-- Work request --
The output should hold exactly, and only, the lines from the line bearing "Honda Odyssey 2022 price Philippines" through the last line of the listing below, and no pictures.

-- The data --
--- START ---

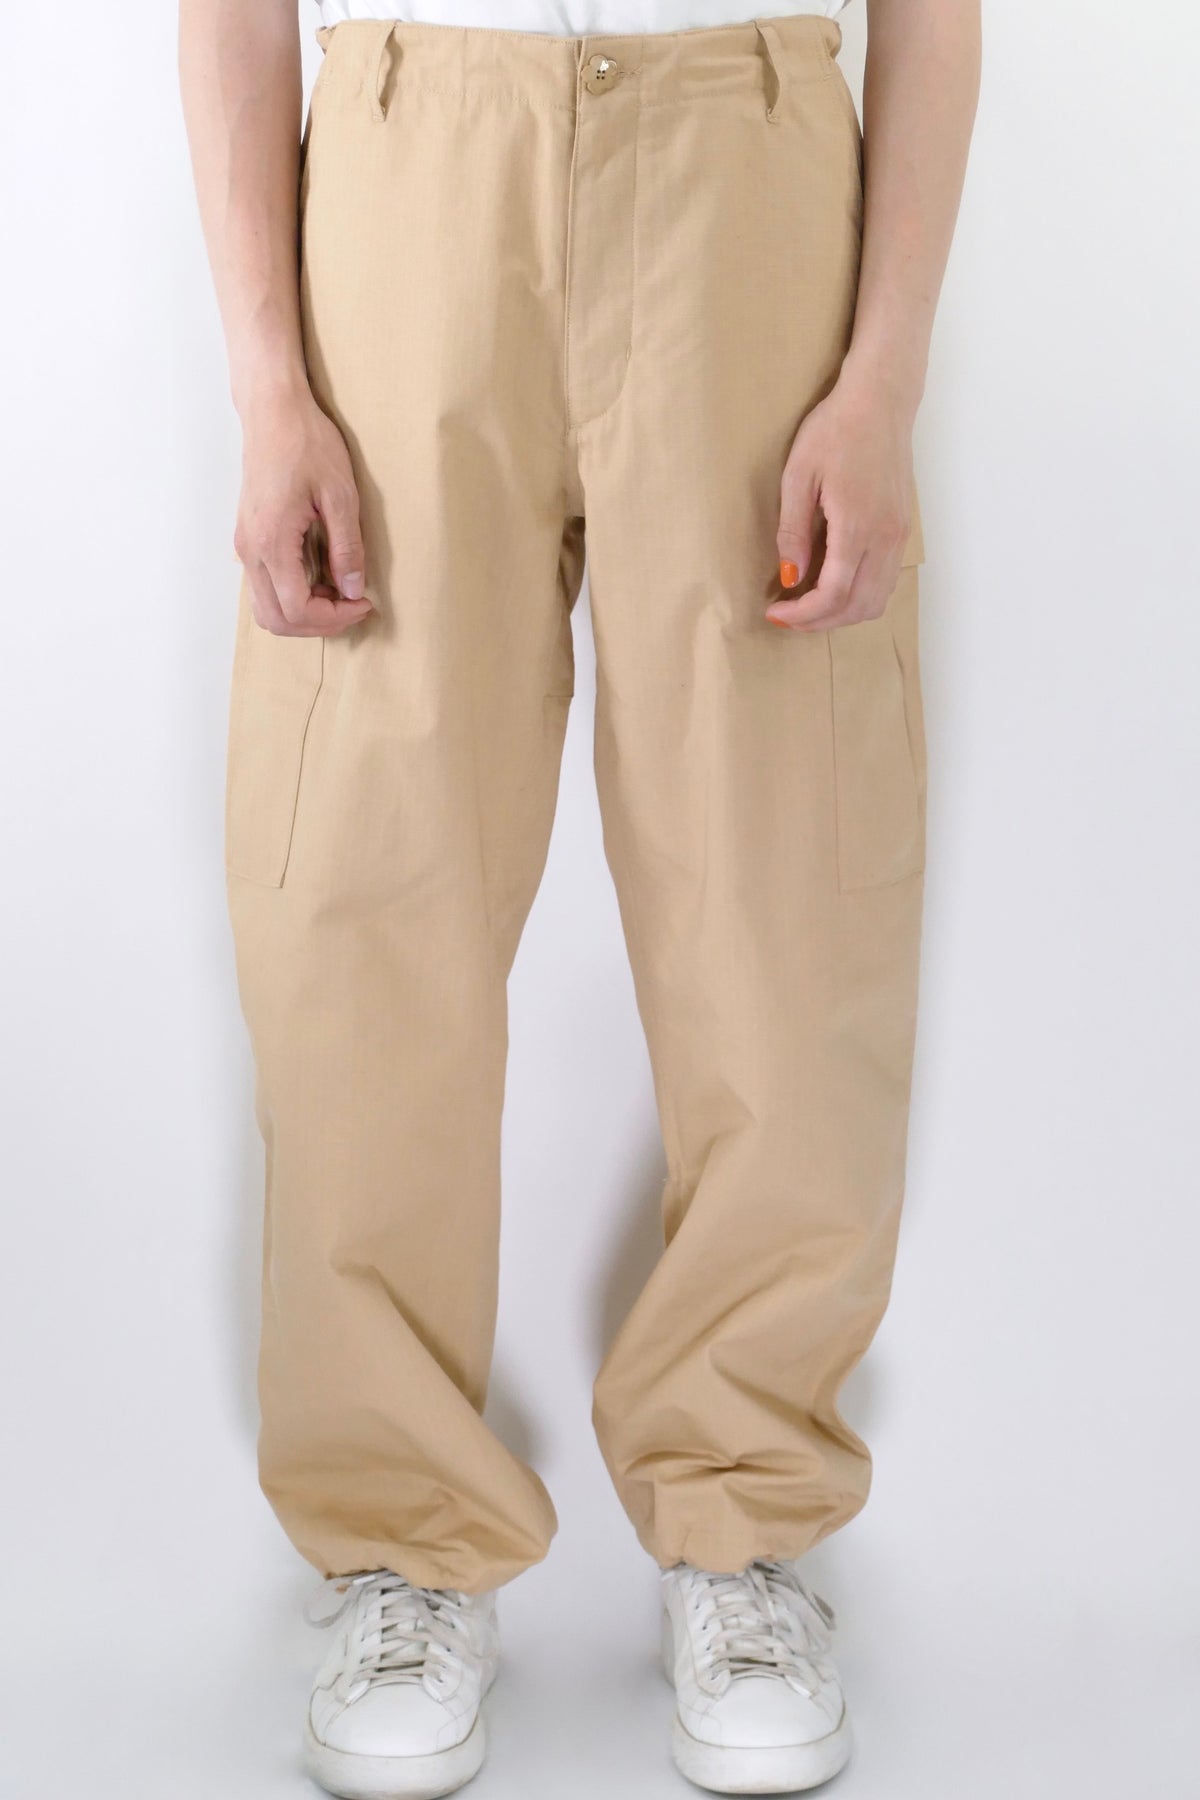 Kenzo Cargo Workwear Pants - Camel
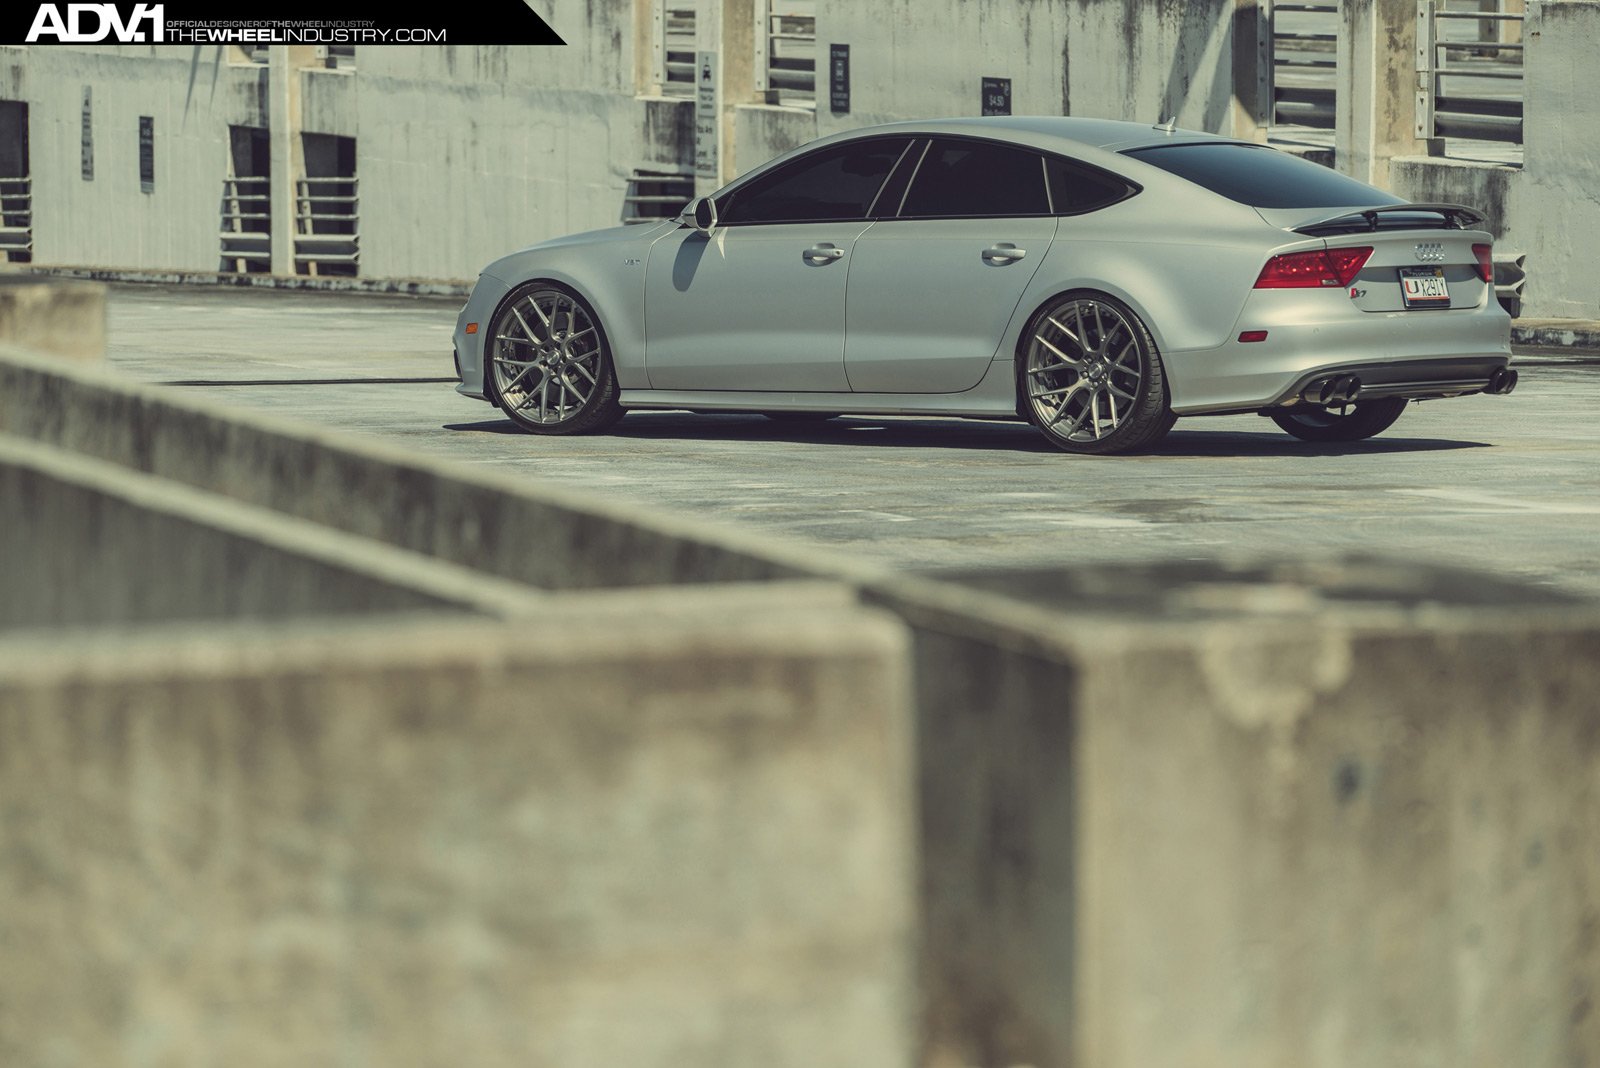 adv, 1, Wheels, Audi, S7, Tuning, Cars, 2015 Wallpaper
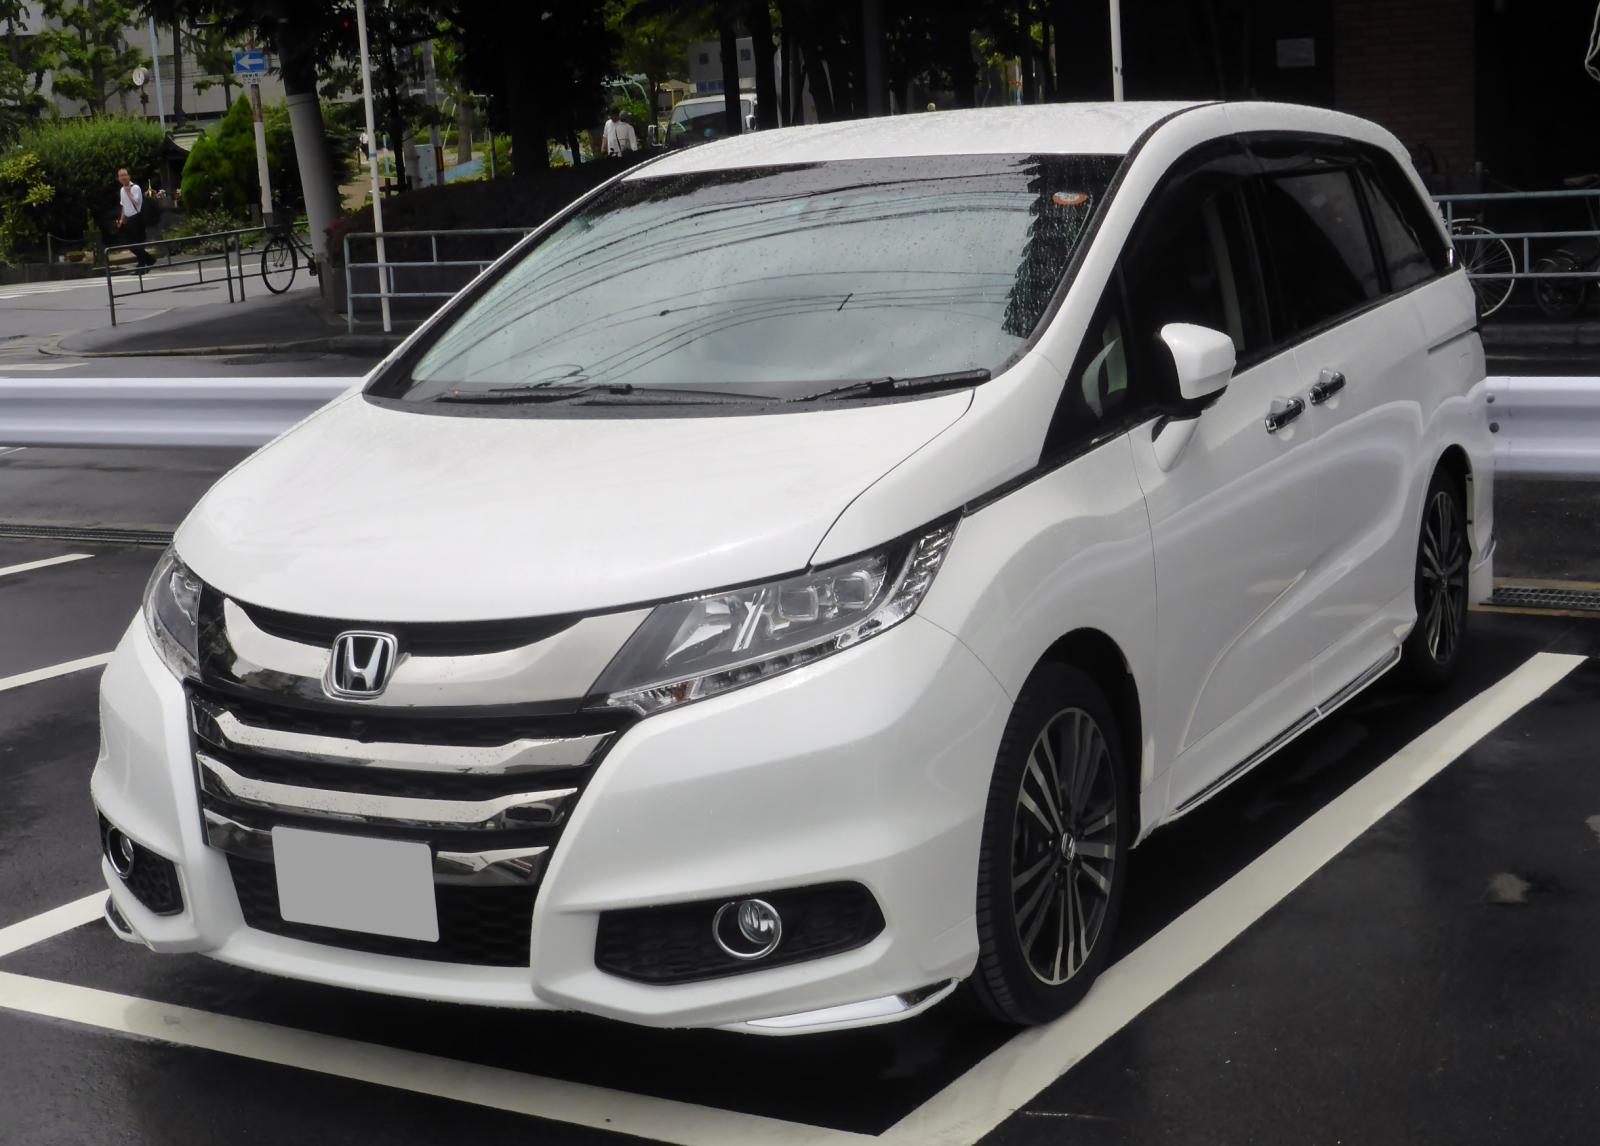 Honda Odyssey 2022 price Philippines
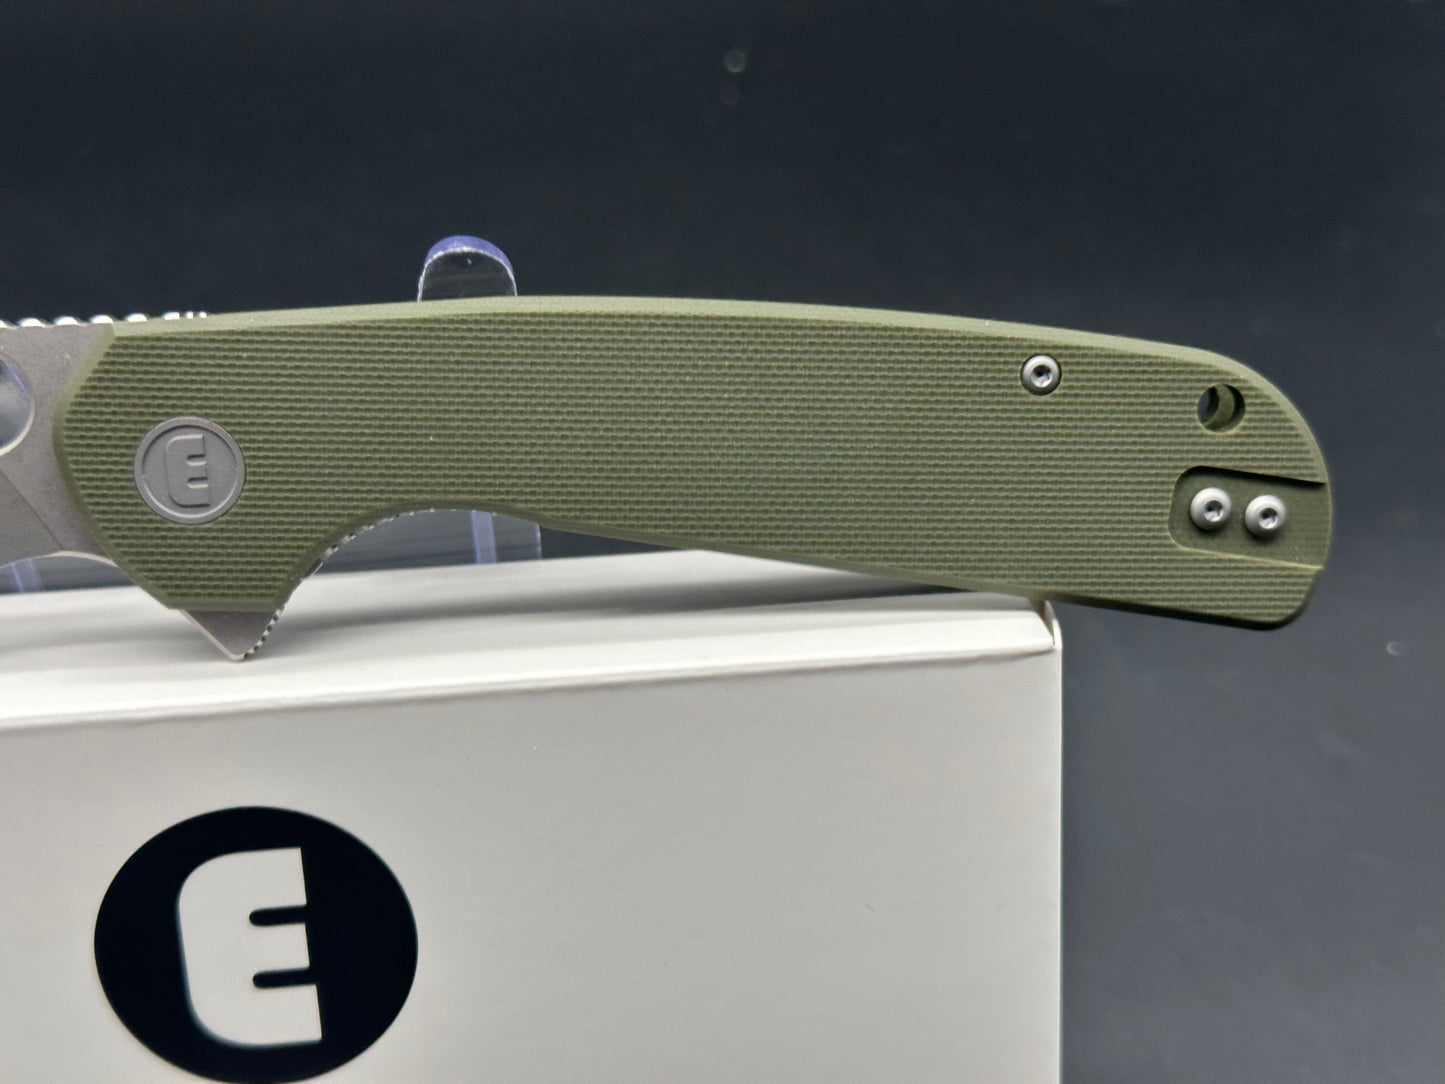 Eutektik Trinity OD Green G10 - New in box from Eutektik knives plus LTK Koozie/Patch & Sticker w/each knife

--- END ---

-- Response below --
 Honda Odyssey 2022 price Philippines
 Eutektik Trinity OD Green G10 - New in box from Eutektik knives plus LTK Koozie/Patch & Sticker w/each knife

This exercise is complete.